## DIRECTIONS FOR THIS TASK
Once the line with "solitary bicycle leaning" is found in the entries below, repeat it and each following line exactly, up to and including the line with "Castle building in". Add no other lines.

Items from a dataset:
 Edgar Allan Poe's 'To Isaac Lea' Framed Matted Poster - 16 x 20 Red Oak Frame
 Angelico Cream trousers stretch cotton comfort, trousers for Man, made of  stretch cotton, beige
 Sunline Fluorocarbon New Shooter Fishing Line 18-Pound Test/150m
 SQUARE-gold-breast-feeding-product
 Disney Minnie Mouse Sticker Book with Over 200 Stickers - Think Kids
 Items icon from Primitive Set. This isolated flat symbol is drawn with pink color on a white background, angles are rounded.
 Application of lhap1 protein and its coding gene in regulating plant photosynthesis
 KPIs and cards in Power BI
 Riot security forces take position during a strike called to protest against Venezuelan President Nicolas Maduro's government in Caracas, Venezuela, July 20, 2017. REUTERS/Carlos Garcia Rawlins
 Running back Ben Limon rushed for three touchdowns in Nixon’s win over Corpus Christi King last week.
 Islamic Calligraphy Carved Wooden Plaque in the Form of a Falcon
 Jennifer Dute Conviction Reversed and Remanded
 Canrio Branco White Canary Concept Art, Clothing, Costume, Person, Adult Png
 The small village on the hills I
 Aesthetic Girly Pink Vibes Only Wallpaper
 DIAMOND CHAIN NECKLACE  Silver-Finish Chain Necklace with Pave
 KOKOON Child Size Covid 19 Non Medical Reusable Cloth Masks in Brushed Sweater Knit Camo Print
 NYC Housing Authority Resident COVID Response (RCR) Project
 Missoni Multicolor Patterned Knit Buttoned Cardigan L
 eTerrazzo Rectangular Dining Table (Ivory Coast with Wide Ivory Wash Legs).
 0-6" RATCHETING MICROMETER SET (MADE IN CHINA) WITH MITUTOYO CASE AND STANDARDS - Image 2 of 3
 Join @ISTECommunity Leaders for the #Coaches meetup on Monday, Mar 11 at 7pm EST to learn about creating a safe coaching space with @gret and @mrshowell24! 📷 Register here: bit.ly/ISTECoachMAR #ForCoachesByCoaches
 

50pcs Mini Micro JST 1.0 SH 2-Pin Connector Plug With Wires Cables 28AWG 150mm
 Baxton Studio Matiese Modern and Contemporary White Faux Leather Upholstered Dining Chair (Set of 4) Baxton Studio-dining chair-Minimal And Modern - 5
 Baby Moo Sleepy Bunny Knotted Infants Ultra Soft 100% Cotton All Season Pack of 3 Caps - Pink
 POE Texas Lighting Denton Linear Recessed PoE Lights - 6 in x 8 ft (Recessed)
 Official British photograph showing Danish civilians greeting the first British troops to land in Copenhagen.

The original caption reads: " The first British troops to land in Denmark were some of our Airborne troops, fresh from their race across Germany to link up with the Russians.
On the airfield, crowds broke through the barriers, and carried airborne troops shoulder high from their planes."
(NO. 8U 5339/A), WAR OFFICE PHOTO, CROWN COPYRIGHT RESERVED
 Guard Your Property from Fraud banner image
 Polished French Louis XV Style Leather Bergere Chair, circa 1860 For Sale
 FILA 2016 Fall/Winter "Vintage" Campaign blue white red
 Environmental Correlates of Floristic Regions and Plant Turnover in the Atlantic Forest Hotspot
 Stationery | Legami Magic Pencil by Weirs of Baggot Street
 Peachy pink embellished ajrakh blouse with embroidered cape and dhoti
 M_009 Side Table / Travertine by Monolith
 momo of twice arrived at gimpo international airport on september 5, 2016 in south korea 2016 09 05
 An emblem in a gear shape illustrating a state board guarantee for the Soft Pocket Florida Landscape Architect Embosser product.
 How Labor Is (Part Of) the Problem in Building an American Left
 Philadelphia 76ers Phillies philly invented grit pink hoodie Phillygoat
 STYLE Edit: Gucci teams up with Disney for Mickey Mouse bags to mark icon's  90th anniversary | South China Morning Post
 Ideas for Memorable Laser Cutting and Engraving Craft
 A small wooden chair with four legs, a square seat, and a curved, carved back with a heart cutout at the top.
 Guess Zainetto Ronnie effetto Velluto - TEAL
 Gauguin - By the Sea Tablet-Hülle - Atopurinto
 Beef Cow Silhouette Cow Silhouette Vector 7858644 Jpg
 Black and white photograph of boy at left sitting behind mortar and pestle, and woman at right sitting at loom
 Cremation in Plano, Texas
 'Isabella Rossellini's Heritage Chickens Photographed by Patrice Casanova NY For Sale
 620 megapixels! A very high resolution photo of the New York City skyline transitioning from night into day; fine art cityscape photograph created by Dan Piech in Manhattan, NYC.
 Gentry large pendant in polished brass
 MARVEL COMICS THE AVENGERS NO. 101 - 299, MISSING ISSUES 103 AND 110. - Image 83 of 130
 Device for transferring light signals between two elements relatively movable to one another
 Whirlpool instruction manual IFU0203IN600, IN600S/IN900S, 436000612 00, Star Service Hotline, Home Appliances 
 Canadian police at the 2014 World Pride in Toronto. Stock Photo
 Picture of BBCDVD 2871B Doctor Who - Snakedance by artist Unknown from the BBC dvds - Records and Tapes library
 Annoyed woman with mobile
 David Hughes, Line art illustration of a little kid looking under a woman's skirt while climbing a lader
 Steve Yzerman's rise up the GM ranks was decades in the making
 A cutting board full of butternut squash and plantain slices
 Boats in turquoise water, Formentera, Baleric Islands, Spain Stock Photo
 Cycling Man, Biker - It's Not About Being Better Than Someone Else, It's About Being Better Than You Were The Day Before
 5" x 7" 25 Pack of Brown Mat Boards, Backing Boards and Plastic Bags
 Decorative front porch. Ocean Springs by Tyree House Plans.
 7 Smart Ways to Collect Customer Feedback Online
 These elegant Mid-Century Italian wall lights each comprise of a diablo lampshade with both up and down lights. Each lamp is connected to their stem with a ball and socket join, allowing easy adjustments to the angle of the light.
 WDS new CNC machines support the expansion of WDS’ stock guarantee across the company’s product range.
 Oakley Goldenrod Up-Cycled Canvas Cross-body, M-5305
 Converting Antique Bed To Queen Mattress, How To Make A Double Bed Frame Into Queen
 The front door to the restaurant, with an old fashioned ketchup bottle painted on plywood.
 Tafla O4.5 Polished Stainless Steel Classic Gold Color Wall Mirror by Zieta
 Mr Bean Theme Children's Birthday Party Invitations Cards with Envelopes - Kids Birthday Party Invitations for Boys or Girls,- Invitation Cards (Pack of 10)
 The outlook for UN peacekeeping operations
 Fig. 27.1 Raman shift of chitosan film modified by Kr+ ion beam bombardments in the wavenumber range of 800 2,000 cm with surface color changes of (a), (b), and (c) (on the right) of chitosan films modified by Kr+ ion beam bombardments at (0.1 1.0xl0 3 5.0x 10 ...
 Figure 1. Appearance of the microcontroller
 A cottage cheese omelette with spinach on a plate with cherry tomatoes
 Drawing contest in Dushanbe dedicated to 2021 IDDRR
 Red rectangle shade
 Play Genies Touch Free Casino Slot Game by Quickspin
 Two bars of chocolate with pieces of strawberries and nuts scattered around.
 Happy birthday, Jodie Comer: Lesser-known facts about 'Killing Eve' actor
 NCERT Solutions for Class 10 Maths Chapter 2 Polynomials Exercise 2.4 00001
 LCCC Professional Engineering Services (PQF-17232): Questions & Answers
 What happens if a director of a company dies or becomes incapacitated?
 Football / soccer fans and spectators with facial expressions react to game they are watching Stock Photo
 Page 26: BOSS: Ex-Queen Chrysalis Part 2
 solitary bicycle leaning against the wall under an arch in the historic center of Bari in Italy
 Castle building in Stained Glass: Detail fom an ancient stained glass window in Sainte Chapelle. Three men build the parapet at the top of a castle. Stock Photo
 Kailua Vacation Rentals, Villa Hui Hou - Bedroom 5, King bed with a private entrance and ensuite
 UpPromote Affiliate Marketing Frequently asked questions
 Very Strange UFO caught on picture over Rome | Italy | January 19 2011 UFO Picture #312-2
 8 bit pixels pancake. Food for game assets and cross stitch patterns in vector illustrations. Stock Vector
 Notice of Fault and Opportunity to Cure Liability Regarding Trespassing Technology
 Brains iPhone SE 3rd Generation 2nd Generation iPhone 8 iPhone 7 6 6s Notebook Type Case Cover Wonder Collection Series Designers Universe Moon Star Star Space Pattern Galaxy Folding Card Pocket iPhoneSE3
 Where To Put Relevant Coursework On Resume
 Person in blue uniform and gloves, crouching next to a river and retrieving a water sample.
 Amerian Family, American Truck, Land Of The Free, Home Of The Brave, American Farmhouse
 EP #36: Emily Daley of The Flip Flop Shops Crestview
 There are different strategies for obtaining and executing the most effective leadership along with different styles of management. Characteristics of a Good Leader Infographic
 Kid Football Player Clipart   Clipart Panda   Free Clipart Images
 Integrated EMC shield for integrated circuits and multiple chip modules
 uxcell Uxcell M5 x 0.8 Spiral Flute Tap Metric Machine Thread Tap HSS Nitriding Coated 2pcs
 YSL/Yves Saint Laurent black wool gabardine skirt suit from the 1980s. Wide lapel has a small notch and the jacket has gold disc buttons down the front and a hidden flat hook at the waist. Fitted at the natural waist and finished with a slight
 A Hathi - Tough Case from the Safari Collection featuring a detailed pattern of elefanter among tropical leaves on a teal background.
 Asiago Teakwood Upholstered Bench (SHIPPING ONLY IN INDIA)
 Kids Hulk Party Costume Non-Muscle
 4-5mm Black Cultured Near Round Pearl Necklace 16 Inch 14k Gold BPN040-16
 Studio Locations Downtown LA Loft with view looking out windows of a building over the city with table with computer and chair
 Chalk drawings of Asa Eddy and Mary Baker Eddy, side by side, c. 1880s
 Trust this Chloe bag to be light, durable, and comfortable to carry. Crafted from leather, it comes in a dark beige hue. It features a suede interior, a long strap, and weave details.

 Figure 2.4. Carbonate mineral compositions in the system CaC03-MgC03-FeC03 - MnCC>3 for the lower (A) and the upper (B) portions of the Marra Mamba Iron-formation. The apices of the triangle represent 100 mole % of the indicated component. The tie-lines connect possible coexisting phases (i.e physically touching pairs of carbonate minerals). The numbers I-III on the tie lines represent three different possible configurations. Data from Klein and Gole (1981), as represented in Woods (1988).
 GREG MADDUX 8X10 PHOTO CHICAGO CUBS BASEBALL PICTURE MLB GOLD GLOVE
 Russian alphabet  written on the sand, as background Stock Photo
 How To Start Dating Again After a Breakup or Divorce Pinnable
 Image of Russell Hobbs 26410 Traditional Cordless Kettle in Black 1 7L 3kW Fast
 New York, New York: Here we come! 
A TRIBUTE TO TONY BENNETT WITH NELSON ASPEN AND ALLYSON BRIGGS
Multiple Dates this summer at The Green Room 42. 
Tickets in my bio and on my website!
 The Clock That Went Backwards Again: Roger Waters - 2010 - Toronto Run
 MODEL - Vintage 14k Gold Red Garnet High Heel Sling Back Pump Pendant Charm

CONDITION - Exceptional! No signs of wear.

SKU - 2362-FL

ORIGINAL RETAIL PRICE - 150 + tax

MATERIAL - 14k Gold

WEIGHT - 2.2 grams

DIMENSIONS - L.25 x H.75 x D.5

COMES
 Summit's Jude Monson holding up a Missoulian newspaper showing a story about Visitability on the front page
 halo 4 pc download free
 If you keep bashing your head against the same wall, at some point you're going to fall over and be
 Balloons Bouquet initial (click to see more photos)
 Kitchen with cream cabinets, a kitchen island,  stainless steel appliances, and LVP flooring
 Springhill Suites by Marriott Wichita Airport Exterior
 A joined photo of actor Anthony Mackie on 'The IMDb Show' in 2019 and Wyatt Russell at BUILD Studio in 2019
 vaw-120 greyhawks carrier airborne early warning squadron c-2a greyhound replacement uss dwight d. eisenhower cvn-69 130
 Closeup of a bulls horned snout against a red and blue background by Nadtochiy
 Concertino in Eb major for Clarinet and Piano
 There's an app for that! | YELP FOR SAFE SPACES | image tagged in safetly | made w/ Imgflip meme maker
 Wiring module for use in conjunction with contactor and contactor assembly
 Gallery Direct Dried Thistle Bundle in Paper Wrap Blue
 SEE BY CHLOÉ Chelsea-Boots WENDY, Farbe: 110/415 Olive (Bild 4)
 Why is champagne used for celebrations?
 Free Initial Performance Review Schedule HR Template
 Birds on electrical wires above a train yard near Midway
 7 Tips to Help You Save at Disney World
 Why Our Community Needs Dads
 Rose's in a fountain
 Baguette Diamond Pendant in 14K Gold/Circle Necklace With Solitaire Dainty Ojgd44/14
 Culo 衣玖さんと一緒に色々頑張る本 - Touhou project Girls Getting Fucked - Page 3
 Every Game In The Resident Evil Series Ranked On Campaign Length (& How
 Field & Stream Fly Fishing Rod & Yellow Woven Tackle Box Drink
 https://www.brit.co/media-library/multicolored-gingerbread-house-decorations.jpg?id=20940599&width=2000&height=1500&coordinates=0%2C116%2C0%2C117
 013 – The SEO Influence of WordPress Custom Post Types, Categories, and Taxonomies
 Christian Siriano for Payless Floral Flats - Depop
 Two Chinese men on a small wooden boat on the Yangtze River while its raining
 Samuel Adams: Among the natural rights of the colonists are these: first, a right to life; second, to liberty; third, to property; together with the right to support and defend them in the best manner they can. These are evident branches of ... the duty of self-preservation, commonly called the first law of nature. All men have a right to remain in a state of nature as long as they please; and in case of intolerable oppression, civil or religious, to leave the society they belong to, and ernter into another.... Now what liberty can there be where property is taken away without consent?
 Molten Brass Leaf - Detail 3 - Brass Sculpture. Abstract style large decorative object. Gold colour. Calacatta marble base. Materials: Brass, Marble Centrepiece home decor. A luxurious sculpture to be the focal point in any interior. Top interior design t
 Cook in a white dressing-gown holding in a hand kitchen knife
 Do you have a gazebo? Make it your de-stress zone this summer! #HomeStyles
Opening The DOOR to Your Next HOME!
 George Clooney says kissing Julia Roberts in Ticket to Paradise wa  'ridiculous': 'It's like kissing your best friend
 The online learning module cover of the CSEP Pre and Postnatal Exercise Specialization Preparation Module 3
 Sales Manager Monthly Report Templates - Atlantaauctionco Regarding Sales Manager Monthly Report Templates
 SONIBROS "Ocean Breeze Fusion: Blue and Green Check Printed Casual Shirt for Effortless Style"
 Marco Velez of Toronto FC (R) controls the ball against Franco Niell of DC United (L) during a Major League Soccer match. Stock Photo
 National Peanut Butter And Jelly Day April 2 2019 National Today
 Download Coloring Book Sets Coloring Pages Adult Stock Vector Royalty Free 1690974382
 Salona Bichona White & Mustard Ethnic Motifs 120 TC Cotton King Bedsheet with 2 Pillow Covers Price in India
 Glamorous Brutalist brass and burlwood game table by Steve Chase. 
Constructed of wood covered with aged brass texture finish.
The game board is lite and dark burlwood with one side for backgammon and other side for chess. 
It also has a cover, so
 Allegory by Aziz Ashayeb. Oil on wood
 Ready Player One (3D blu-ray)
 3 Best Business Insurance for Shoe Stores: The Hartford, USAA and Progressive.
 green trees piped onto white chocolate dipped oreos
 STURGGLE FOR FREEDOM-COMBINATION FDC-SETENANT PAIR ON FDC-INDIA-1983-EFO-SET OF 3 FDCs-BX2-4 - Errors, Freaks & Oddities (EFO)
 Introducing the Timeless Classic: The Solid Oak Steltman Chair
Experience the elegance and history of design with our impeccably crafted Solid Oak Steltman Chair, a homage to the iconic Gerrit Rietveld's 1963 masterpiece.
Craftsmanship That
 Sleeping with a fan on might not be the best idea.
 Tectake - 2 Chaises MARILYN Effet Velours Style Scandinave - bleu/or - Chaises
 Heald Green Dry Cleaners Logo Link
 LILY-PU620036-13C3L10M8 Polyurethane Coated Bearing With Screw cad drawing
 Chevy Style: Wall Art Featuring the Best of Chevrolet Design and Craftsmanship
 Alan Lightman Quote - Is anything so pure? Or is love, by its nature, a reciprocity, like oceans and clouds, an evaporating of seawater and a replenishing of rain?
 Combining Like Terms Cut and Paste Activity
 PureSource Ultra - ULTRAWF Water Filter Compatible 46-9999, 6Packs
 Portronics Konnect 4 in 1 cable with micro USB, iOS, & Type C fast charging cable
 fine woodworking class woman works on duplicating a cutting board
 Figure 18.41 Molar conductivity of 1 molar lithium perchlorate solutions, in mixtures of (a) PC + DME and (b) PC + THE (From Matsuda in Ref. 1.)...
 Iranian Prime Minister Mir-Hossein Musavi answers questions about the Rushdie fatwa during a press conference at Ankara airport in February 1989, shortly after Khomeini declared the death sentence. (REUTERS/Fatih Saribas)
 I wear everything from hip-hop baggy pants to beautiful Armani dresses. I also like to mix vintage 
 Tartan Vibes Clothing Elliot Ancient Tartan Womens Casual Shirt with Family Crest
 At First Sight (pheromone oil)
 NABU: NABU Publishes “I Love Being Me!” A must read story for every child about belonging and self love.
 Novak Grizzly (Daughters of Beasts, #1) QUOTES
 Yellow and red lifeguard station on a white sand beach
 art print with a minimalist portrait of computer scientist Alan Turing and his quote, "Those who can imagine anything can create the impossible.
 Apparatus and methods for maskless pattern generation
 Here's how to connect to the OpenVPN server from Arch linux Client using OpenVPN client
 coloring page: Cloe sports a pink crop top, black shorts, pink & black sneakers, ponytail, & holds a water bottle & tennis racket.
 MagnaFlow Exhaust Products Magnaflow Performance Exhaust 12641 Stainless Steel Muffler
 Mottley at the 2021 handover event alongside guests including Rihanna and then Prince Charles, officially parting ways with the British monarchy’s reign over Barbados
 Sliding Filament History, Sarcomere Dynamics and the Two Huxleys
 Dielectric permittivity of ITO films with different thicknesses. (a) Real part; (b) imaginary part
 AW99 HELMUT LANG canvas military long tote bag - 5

## EXPECTED ANSWER
 solitary bicycle leaning against the wall under an arch in the historic center of Bari in Italy
 Castle building in Stained Glass: Detail fom an ancient stained glass window in Sainte Chapelle. Three men build the parapet at the top of a castle. Stock Photo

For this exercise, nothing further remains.